# Remote Won't Control Sony Receiver



## RDAVIS (May 8, 2006)

Help! I have a Samsung 42" DLP HDTV, and have muted the TV sound so I can use my Sony STR K7000 receiver / tuner/ amplifier for the sound. My VIP 622 remote will not control the Sony receiver. I have tried all codes (in AUX mode) and tried the automatic programming function to no avail. I called Dish Network tech support but they have no further codes or answers.

Is there a solution using the supplied 622 remote(s) or is there an aftermarket universal remote that will work for sure?

Thanks
Randy


----------



## ndyclrk (Jun 5, 2006)

Check the manual for the AV receiver. You probably need to change the AV mode (AVMODE1, AVMODE2). This worked on my Sony AV receiver.


----------



## koralis (Aug 10, 2005)

> Check the manual for the AV receiver. You probably need to change the AV mode (AVMODE1, AVMODE2). This worked on my Sony AV receiver


Yep, saw it verified for this model at his link.
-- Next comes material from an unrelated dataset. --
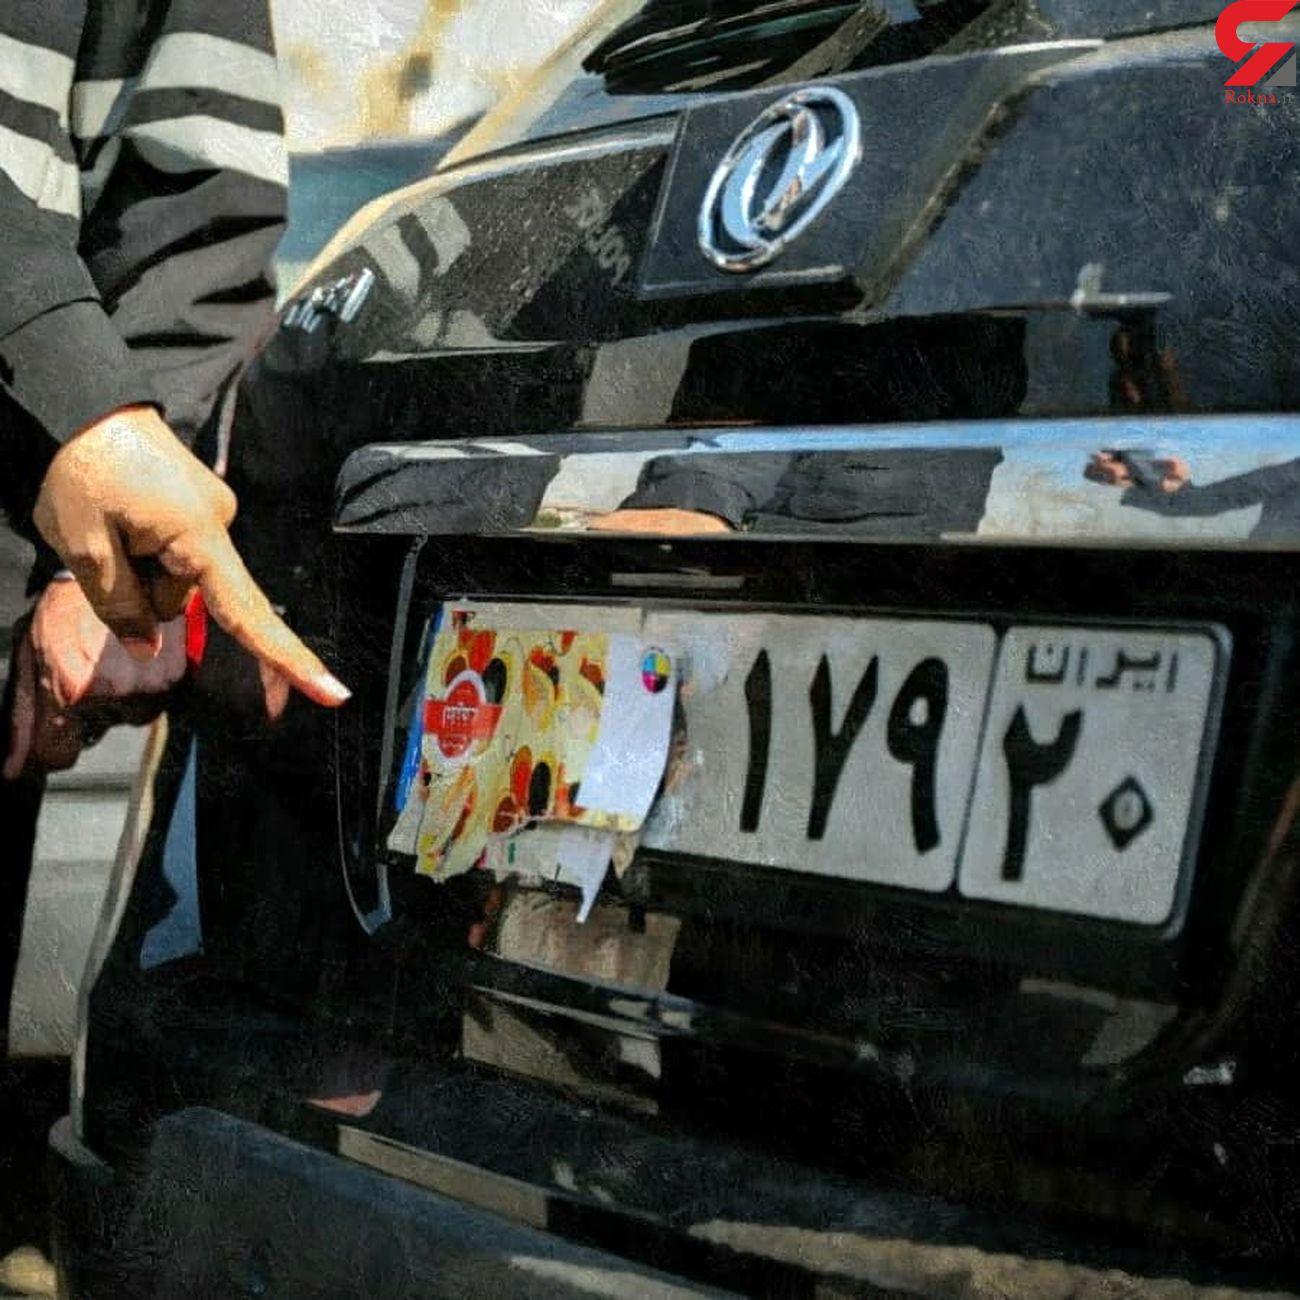 مجازات مخدوش کردن پلاک ماشین چیست؟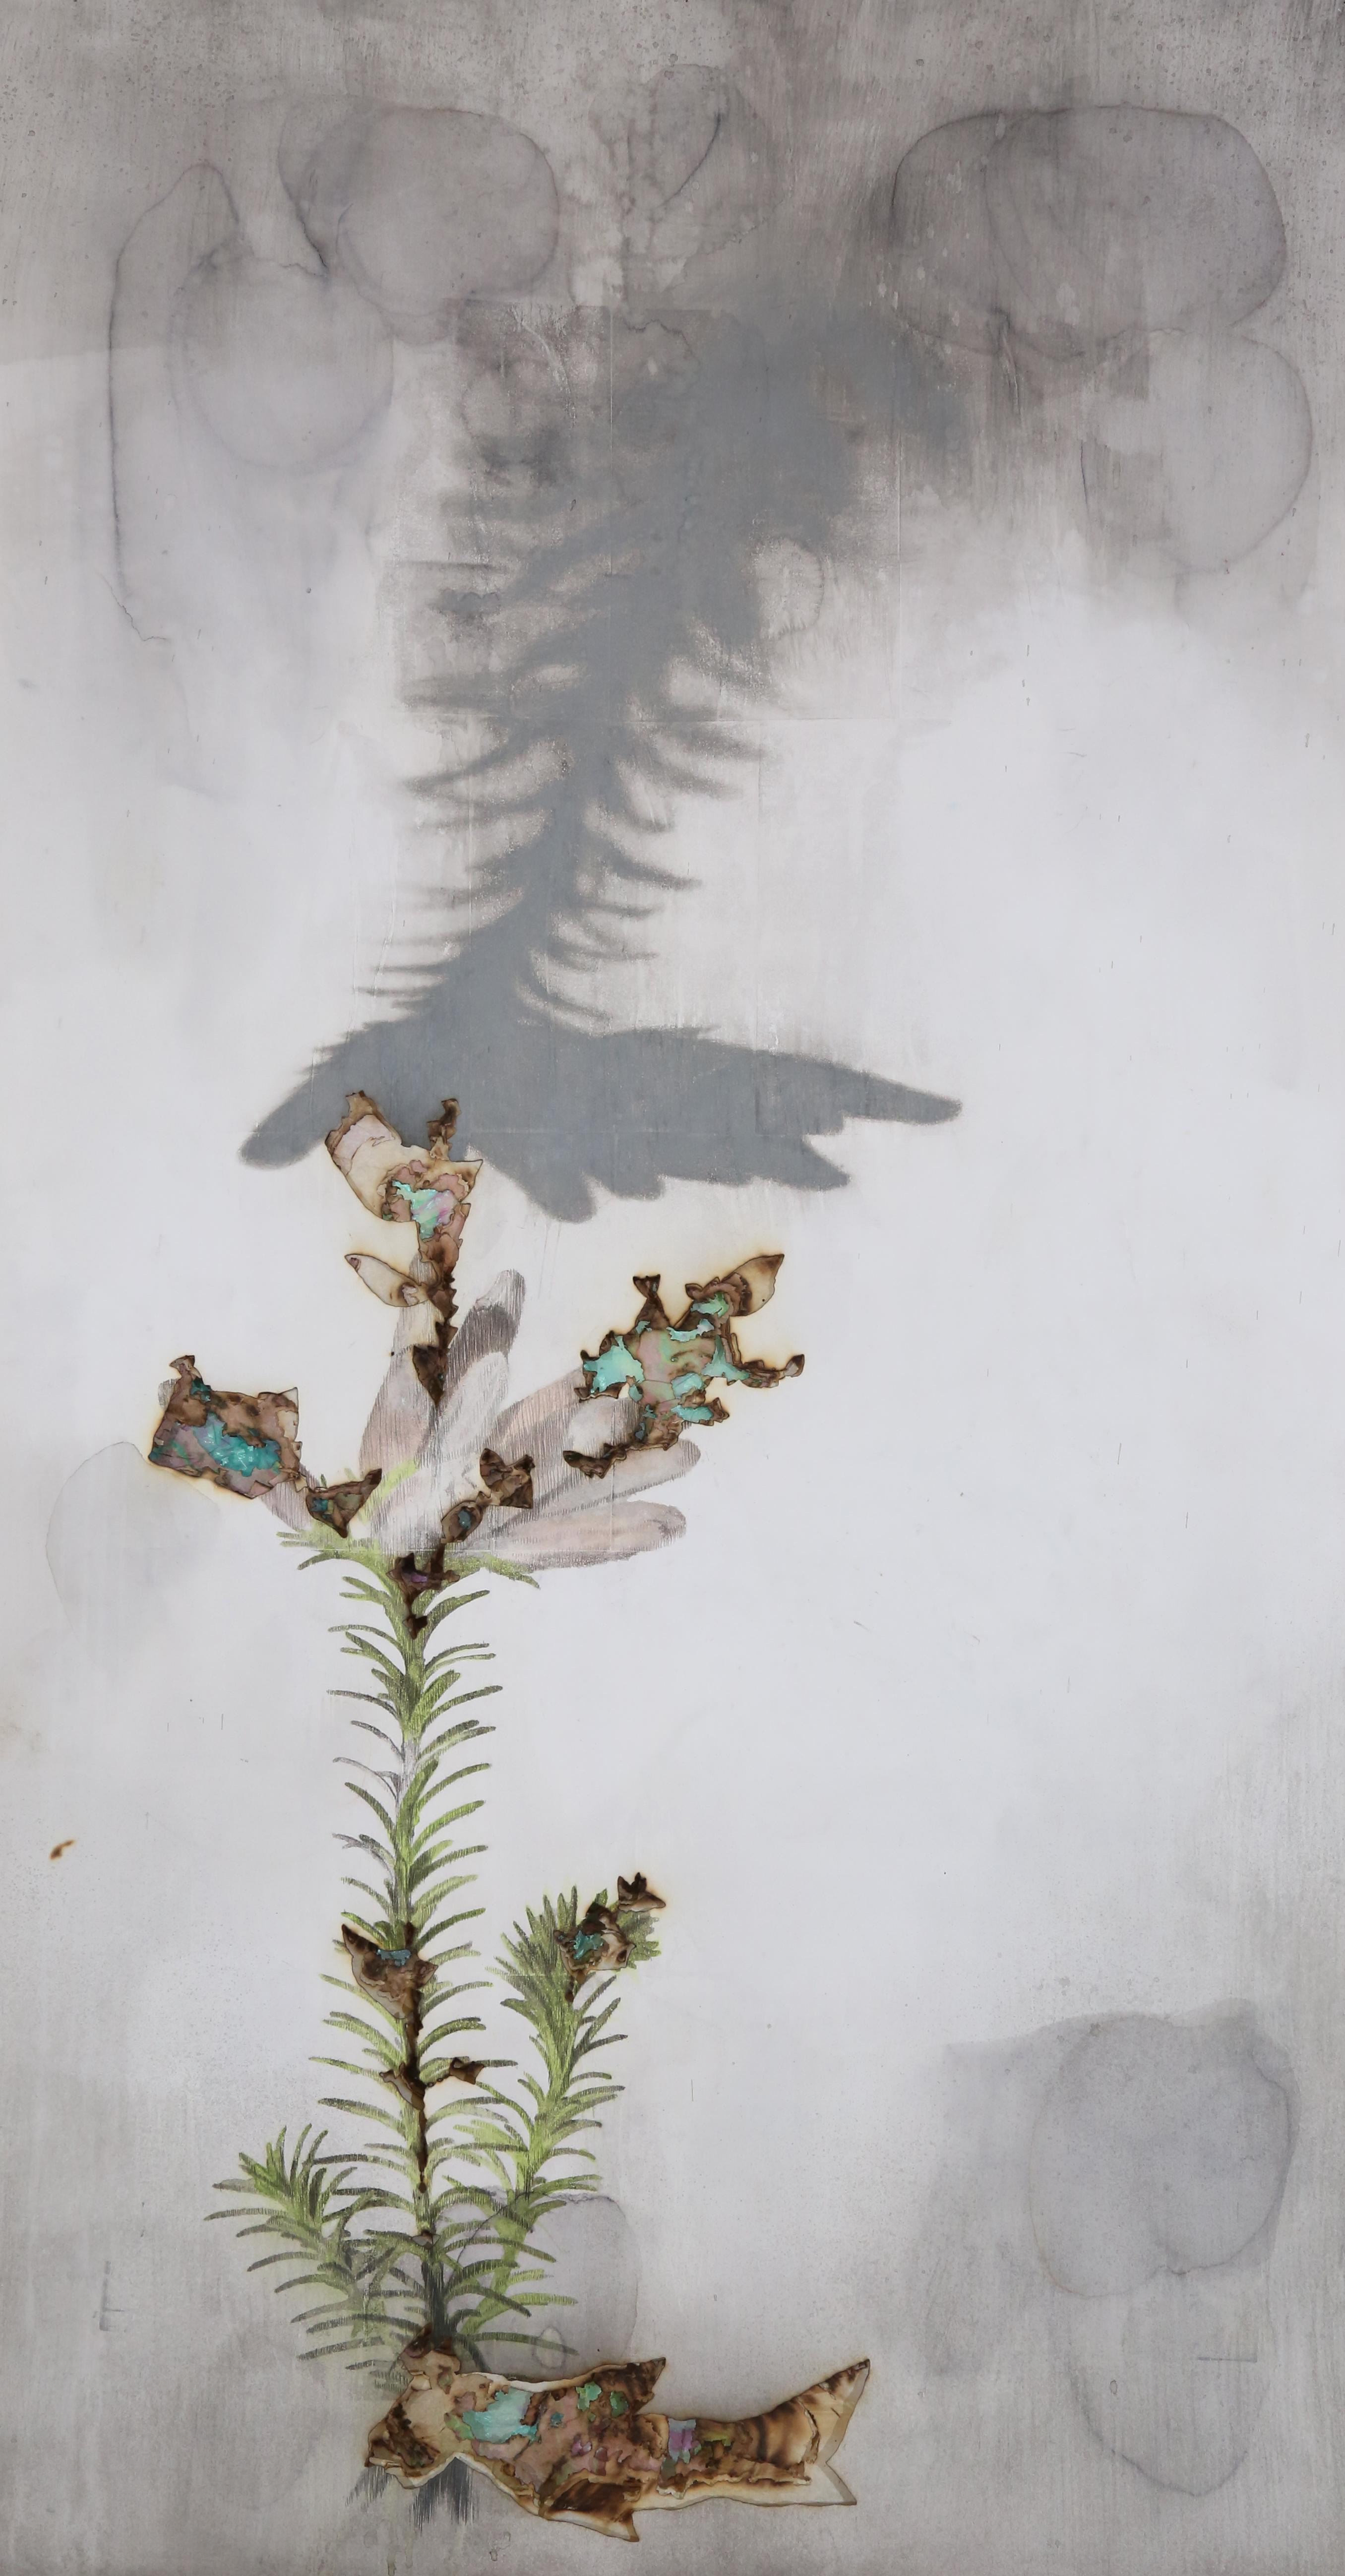 Le portrait des plantes,Erica

Apparently the info isn't in the manual??

http://www.remotecentral.com/cgi-bin/mboard/rc-sony/thread.cgi?4020


> RECEIVERS AND REMOTES: STR-DG600, STR-DG800, STR-DG1000, and HT-7000DH and HT-7550DH with STR-K7000 receiver
> Note: The procedures for the STR-DG600 and HT-7000DH and HT-7550DH with STR-K7000 receivers are not in the manual but have been reported by users as correct
> 
> On the receiver (except the STR-DG1000):
> ...





RDAVIS said:


> Is there a solution using the supplied 622 remote(s) or is there an aftermarket universal remote that will work for sure?


The One-4-all remotes will definitely work. If the base codes don't (they probably will) then the learning remote feature will let you set up the remote to issue the same codes.

If you're technically handy and don't mind a learning curve, you can also program it by computer but it's not the most straightforward thing in the world.


----------



## Hall (Mar 4, 2004)

Sony receivers are tricky for most universal remotes..... I've heard of this 'trick' involving changing the mode, but never got into with mine. I programmed my Kameleon for my Sony AV receiver, but changing inputs (radio, cd, tape, dvd, etc) is a pain in the butt.


----------



## RDAVIS (May 8, 2006)

WOW ! Thanks. The instructions Koralis gave worked perfectly. It was driving me nuts. I am now a happy camper. 

Randy


----------



## Ron Barry (Dec 10, 2002)

:welcome_s RDAVIS.. Glad you found a quick answer. Hope you stick around.. Great group of helpful members here.


----------



## Geronimo (Mar 23, 2002)

I cannot follow that guidance at all. Must be me.


----------